Use high-resolution metrics (1-second intervals) for latency tracking. Standard resolution (1-minute) is sufficient for most other metrics.

Pattern 3: Distributed Tracing

Trace requests across service boundaries.

// OpenTelemetry tracing setup
import { NodeTracerProvider } from '@opentelemetry/sdk-trace-node';
import { OTLPTraceExporter } from '@opentelemetry/exporter-trace-otlp-http';
import { Resource } from '@opentelemetry/resources';
import { SemanticResourceAttributes } from '@opentelemetry/semantic-conventions';
import { trace, context, SpanKind } from '@opentelemetry/api';

// Initialize tracer
const provider = new NodeTracerProvider({
  resource: new Resource({
    [SemanticResourceAttributes.SERVICE_NAME]: 'order-service',
    [SemanticResourceAttributes.SERVICE_VERSION]: '2.0.0',
    [SemanticResourceAttributes.DEPLOYMENT_ENVIRONMENT]: 'production',
  }),
});

const exporter = new OTLPTraceExporter({
  url: 'http://otel-collector:4318/v1/traces',
});

provider.addSpanProcessor(new BatchSpanProcessor(exporter));
provider.register();

// Trace function execution
export async function tracedOperation<T>(
  name: string,
  fn: () => Promise<T>,
  attributes?: Record<string, string>,
): Promise<T> {
  const tracer = trace.getTracer('order-service');
  
  return tracer.startActiveSpan(name, async (span) => {
    try {
      if (attributes) {
        span.setAttributes(attributes);
      }
      
      const result = await fn();
      span.setStatus({ code: 0 }); // OK
      return result;
    } catch (error) {
      span.setStatus({ code: 2, message: error.message }); // ERROR
      span.recordException(error);
      throw error;
    } finally {
      span.end();
    }
  });
}

// Usage
async function processOrder(orderId: string) {
  return tracedOperation('process-order', async () => {
    // Add custom attributes
    trace.getActiveSpan()?.setAttribute('order.id', orderId);
    
    const order = await getOrder(orderId);
    trace.getActiveSpan()?.setAttribute('order.total', order.total);
    
    await reserveInventory(order);
    await processPayment(order);
    
    return order;
  }, { 'order.id': orderId });
}

Pattern 4: Alerting Strategy

Define meaningful alerts with proper thresholds.

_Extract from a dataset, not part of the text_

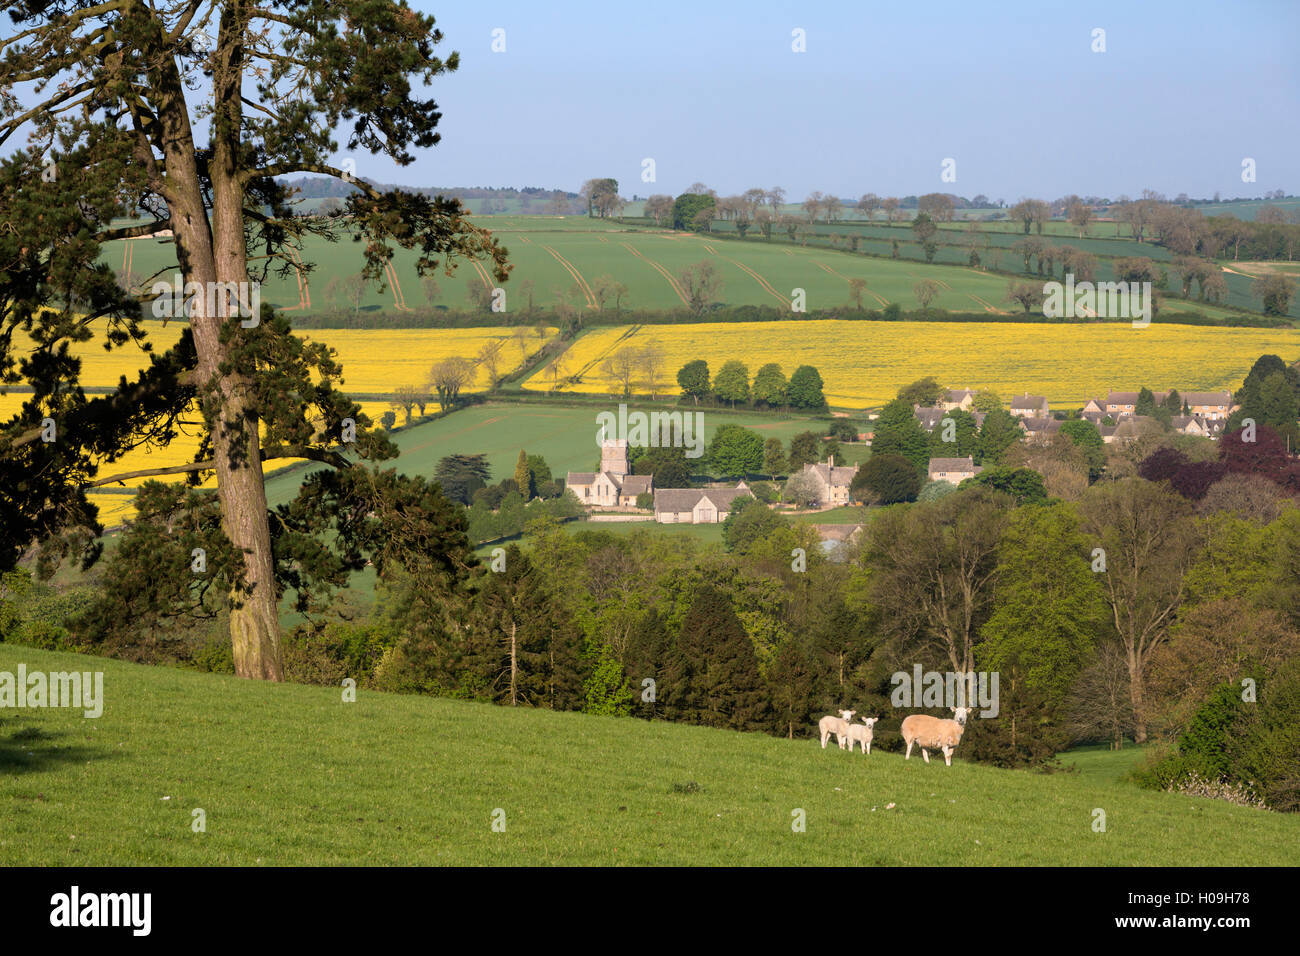 Oilseed rape fields and sheep above Cotswold village, Guiting Power, Cotswolds, Gloucestershire, England, United Kingdom, Europe Stock Photo
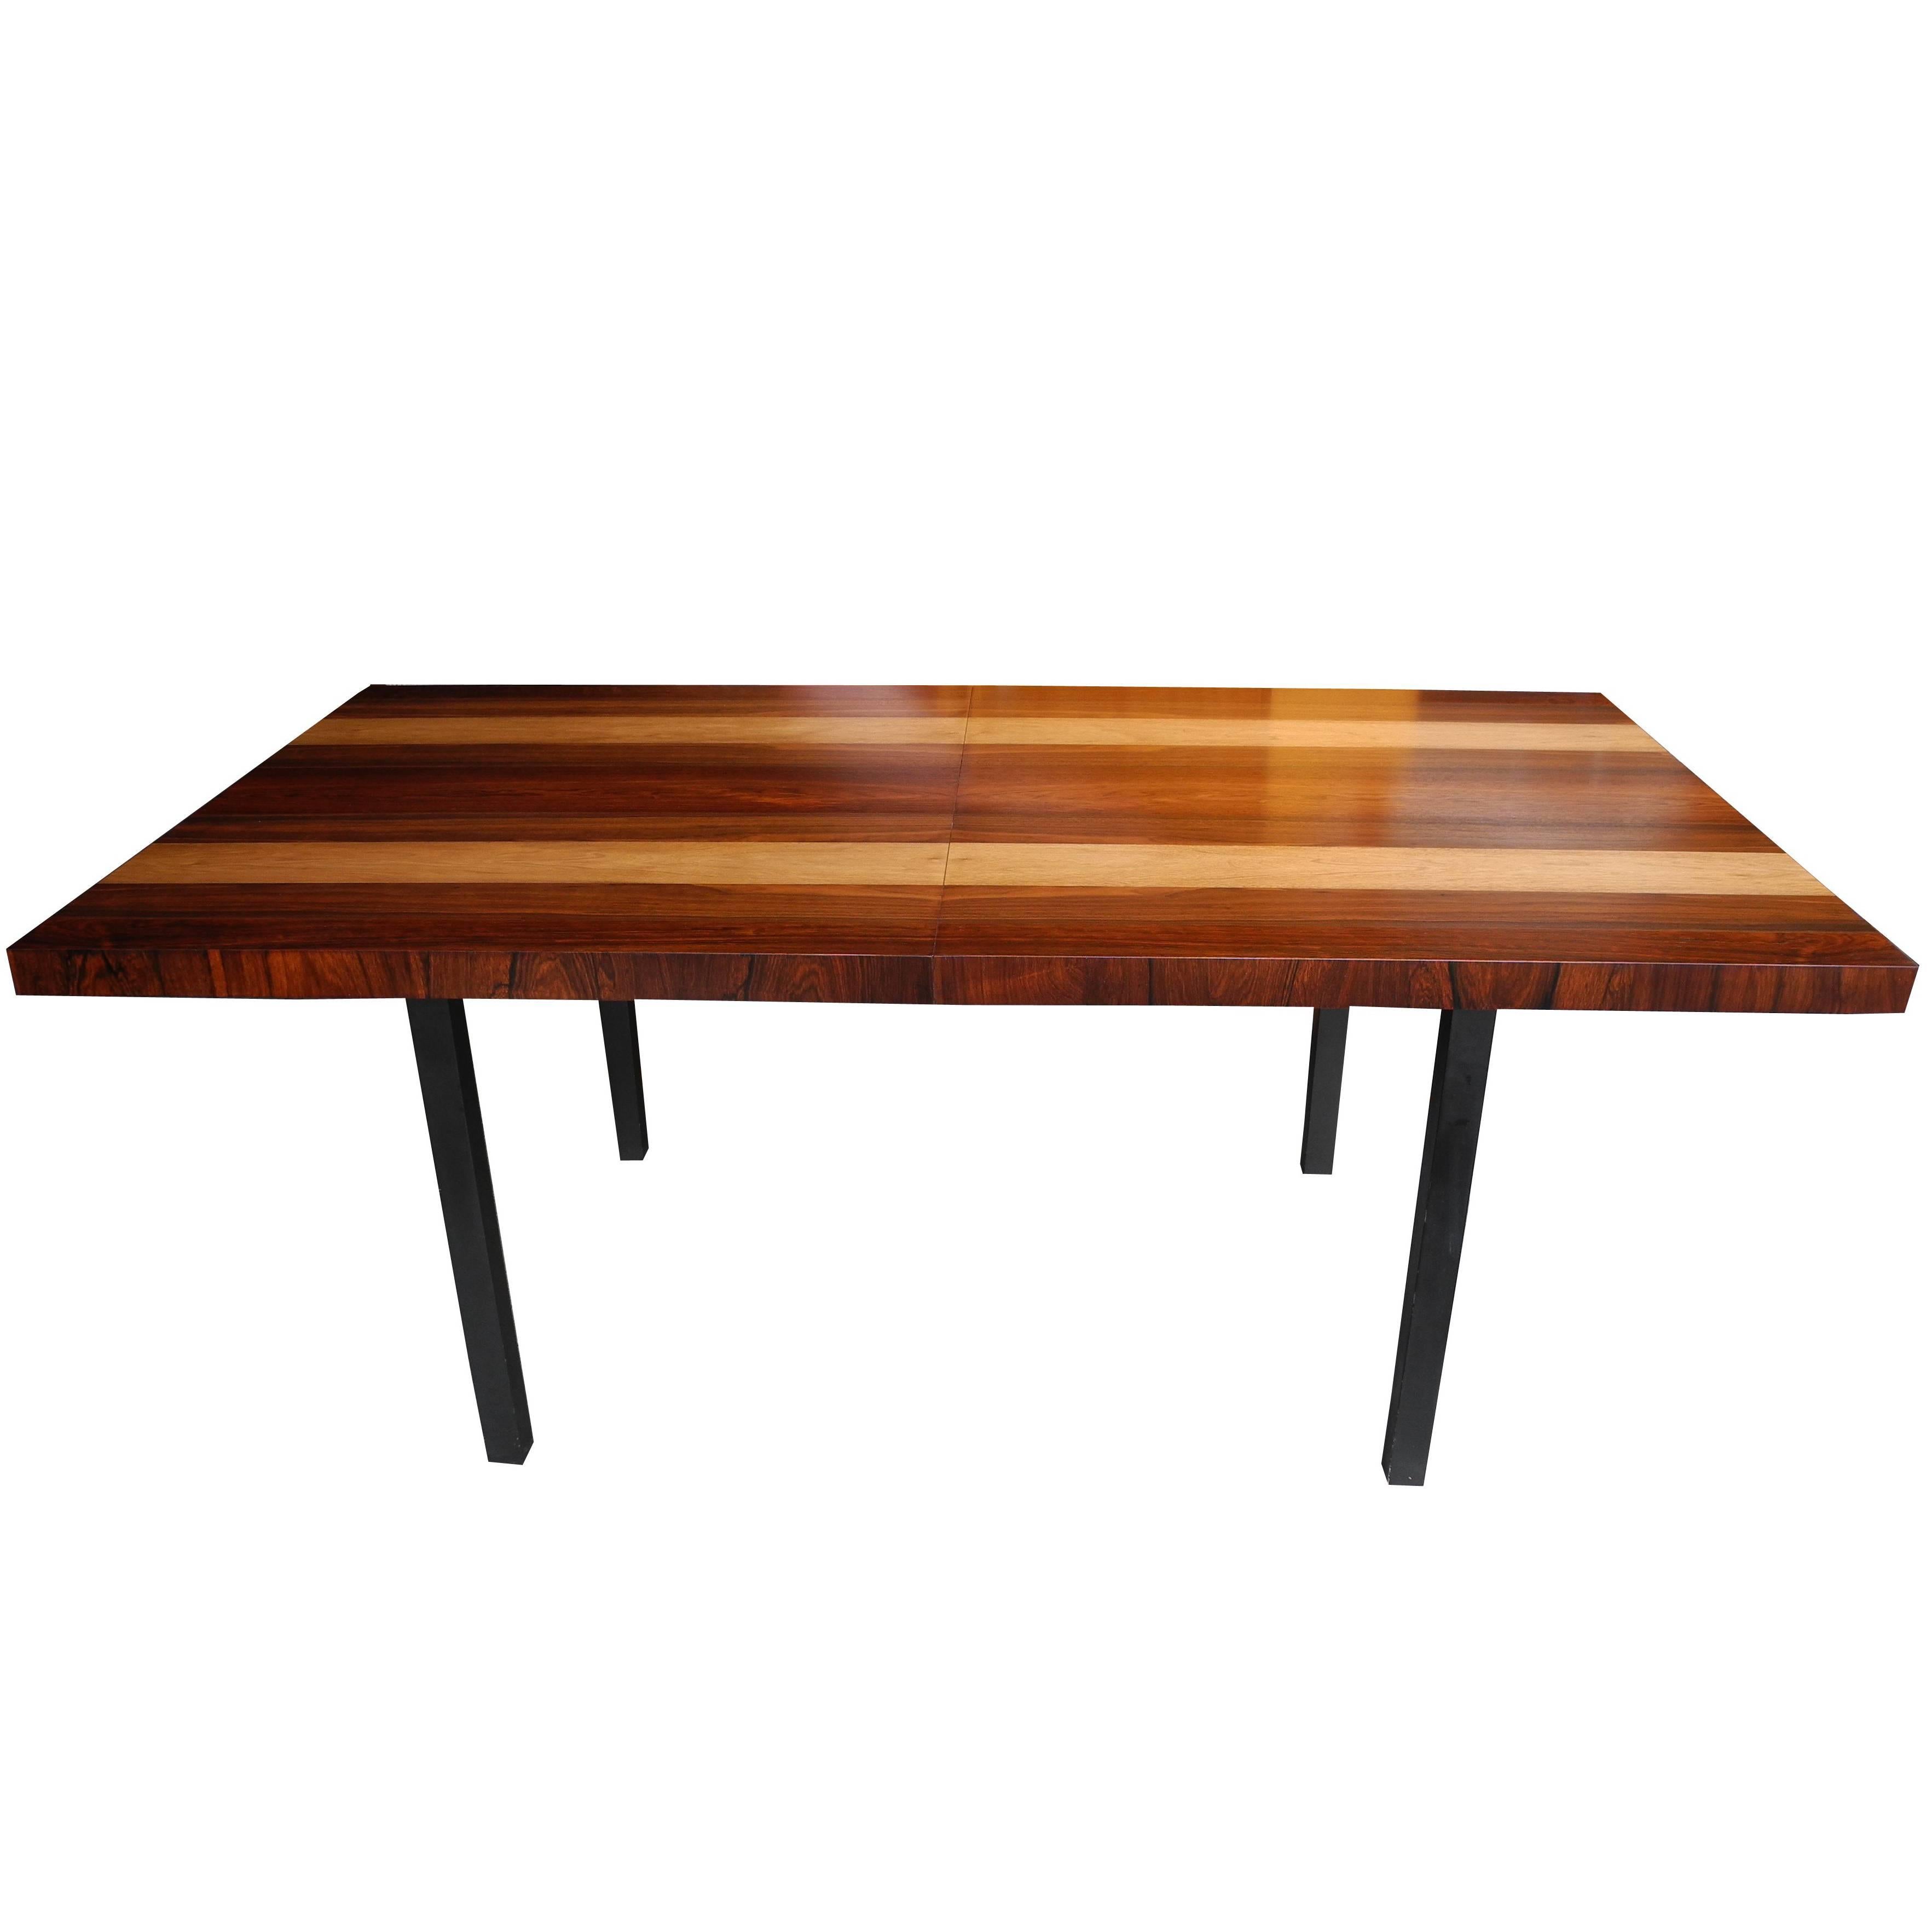 Striped Wood Dining Table by Milo Baughman for Directional with Two Leaves For Sale

# Prometheus alerting rules
groups:
  - name: application-alerts
    rules:
      - alert: HighErrorRate
        expr: |
          sum(rate(http_requests_total{status=~"5.."}[5m]))
          /
          sum(rate(http_requests_total[5m]))
          > 0.05
        for: 5m
        labels:
          severity: critical
        annotations:
          summary: "High error rate detected"
          description: "Error rate is {{ $value | humanizePercentage }}"
      
      - alert: HighLatency
        expr: |
          histogram_quantile(0.99, 
            sum(rate(http_request_duration_seconds_bucket[5m])) by (le)
          ) > 1
        for: 5m
        labels:
          severity: warning
        annotations:
          summary: "High latency detected"
          description: "P99 latency is {{ $value }}s"
      
      - alert: DiskSpaceLow
        expr: |
          (node_filesystem_avail_bytes / node_filesystem_size_bytes) < 0.1
        for: 10m
        labels:
          severity: warning
        annotations:
          summary: "Disk space low"
          description: "Only {{ $value | humanizePercentage }} disk space remaining"
      
      - alert: PodCrashLooping
        expr: |
          rate(kube_pod_container_status_restarts_total[15m]) > 0
        for: 5m
        labels:
          severity: critical
        annotations:
          summary: "Pod is crash looping"
          description: "Pod {{ $labels.pod }} is restarting frequently"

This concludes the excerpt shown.